Rules for Web Apollo annotation with the i5k pilot project

Rationale: Volunteer annotators manually improve a computationally predicted gene set from the i5k pilot project. 
 
 
Before you begin:  
  • Identify the community contact of the organism you would like to help annotate from: Select your organism from the 'Organisms' drop-down menu on http://i5k.nal.usda.gov/. The community contact is listed under 'Organism details'. 
  • Communicate with your community contact about your annotation plans.
  • Register to annotate your organism here.  
  • Study the Apollo development team's user guide to learn how to manually annotate in Apollo. 
  • Sign in to the Apollo installation for your organism using the registration information that was sent to you. 
  • Identify the computationally predicted gene set for your species that will serve as your 'starting point' for annotation. Ask your community contact or i5k@ars.usda.gov if you are unsure which track this is. 

 

Rules: Once you have familiarized yourself with the manual annotation process in Apollo, follow these rules for manual annotation with the i5k pilot project:

 

  1. Add information to a gene prediction.

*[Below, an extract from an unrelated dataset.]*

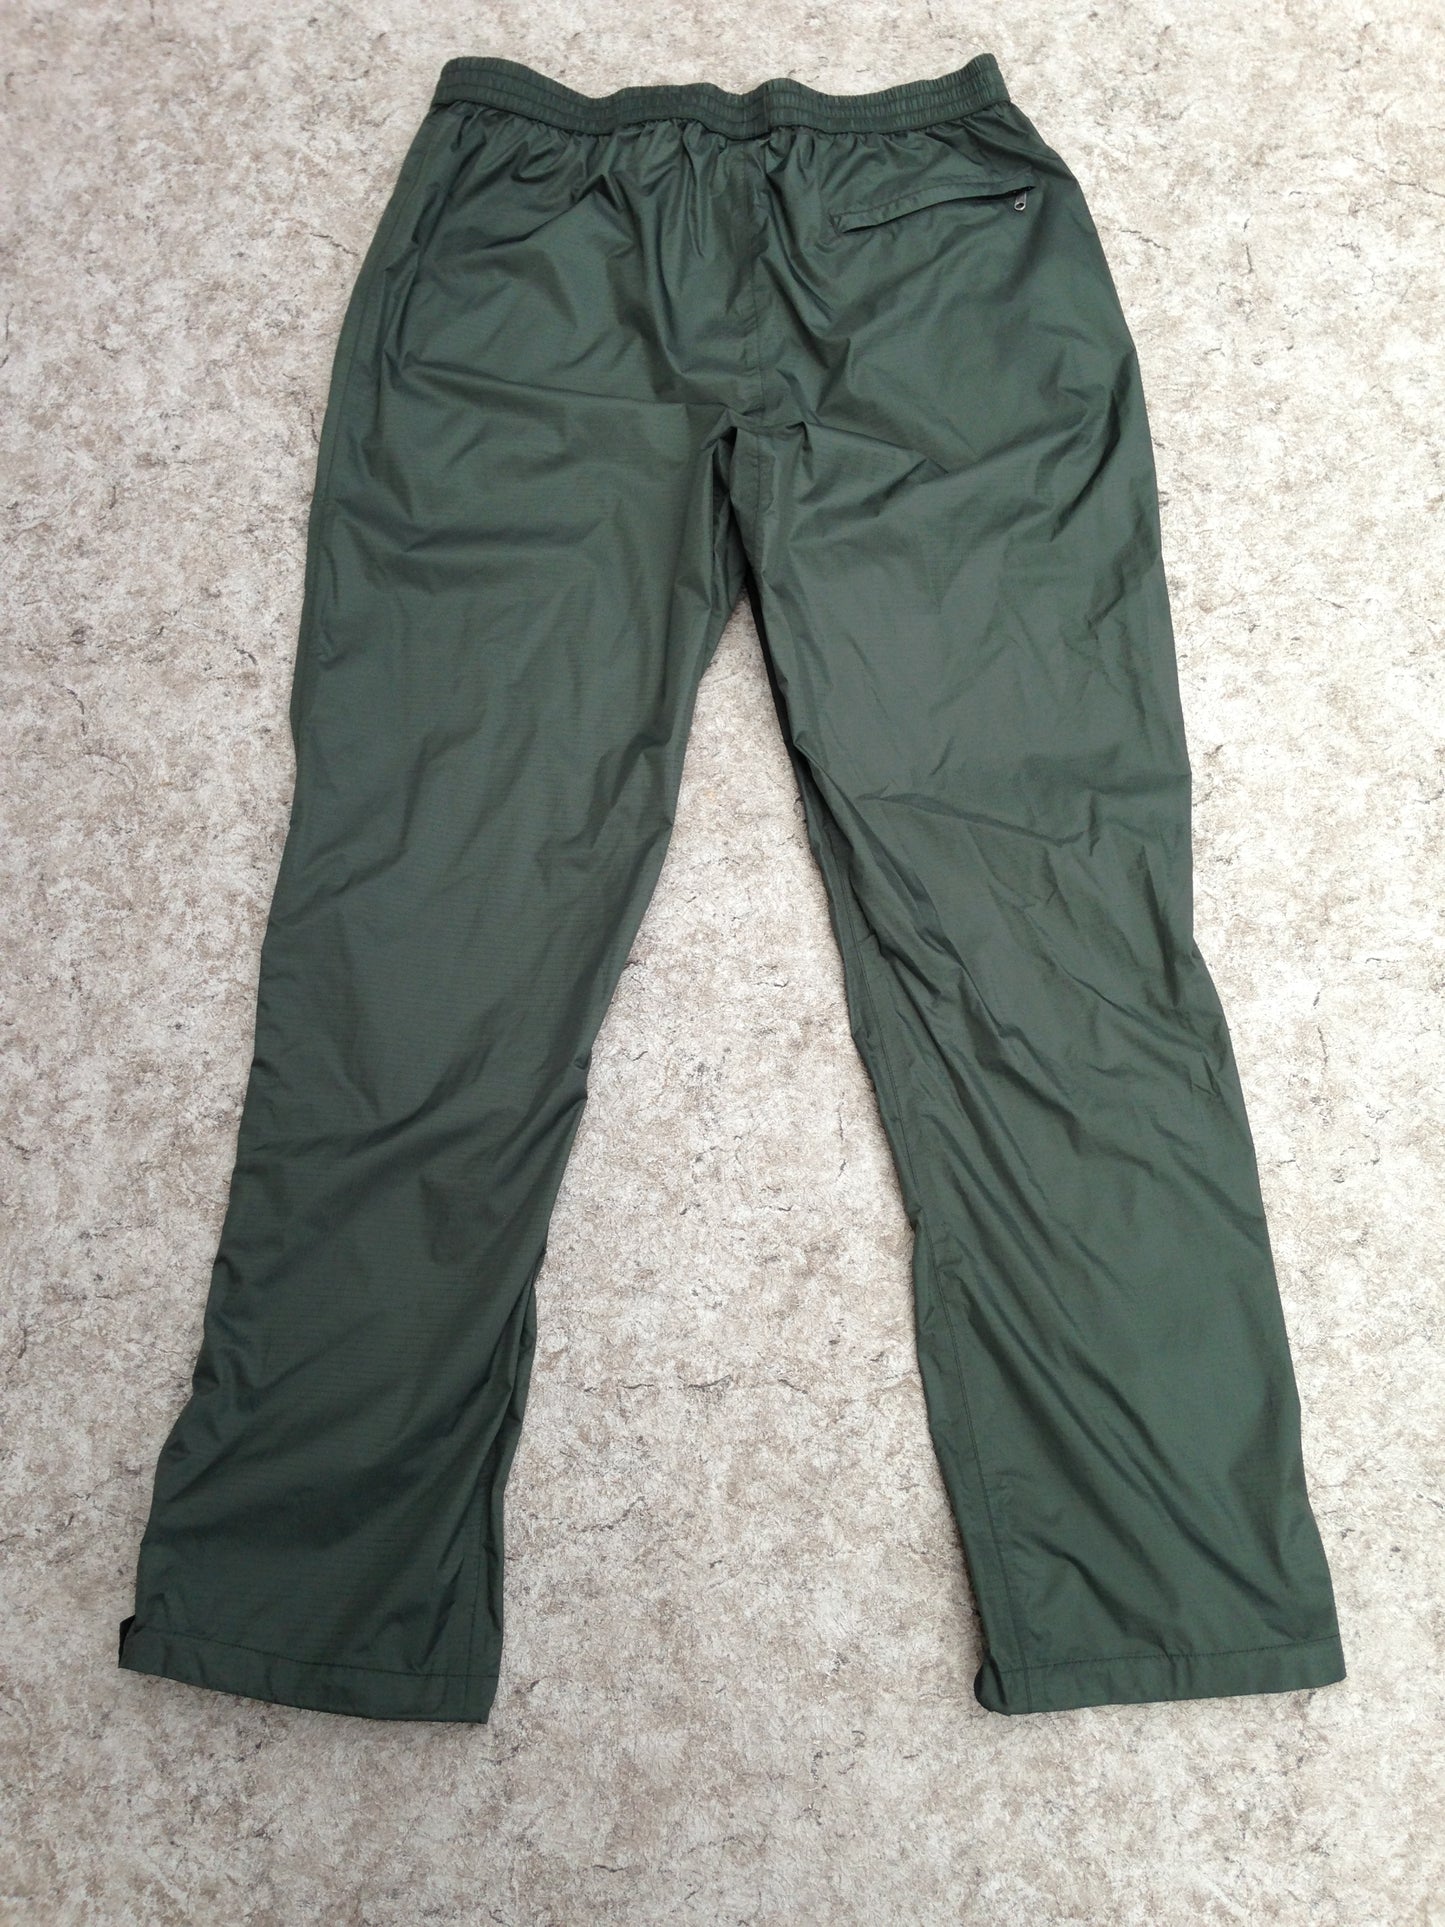 Rain Pants Men's Size X Large Marmot Bike Run Walk Waterproof Side Zippers Leg Hunter Green Excellent

    • Add descriptive metadata about the gene prediction in the Information Editor (see below). Place all information in the 'mRNA' section of the Information Editor.

 

  1. Modify an existing gene prediction.

    • Perform gene structure modifications using the Web Apollo interface and external evidence. See the official Apollo user guide for more detailed examples. Only change an existing annotation if you have good external evidence.
    • Add information about your modifications in the Information Editor (see below). Place all information in the 'mRNA' section of the Information Editor.

 

  1. Create a new isoform.

    • Perform gene structure modifications as for “2) Modify an existing gene prediction”. Name each new isoform with the suffix ‘-RB’, ‘-RC’, etc. (See example figure below).
    • Additionally, elevate the original gene model/isoform to the user-created annotations track. If not, the original isoform will NOT be included in the final gene set.

 

 

 

  1. Create a new gene prediction.

    • We recommend only using existing evidence tracks (e.g. Augustus or Snap predictions) to generate your gene prediction.
    • Add information to both the ‘gene’ and ‘mRNA’ sections of the Information Editor (see below).

 

  1. Delete a gene prediction.

    • Elevate the gene prediction to the User-created annotations track.
    • In the Information Editor Status section, select the "Delete” radio button. Add information that supports your claim in the comments section.

 

The Information Editor. Bold items are required.

 

  1. Name: This can be the full name of the gene plus isoform e.g. 'ultraspiracle isoform A'. For multiple isoforms, use sequential letters, i.e. B, C…
  2. Symbol: Add the gene symbol given sufficient evidence (e.g. 'USP').
  3. Replaced Models: Enter the model name or ID of the computational gene prediction(s) that your manual curation replaces (if it does not replace a model, enter 'NA'). See our tutorial for further explanation.
  4. Description: A longer description of the mRNA name if necessary.
  5. Status: Click 'Approved' when you have confirmed that the annotation is correct. Click 'Delete' if this gene model should be deleted from the comptuationally predicted gene set.
  6. DBXRefs: Cross-references to other databases from which you have derived evidence, such as InterPro for protein domains, or UniProt for homology. Include the database name and evidence ID.
  7. PubMed IDs. If there is any published literature in support of this gene model, you can add the PubMed ID here.
  8. Gene Ontology IDs. Assign GO IDs if you have sufficient evidence for them.
  9. Comments. You may use the 'Comments' field to describe the actions you took for your annotation, and any other notes that you would like to communicate about the annotation.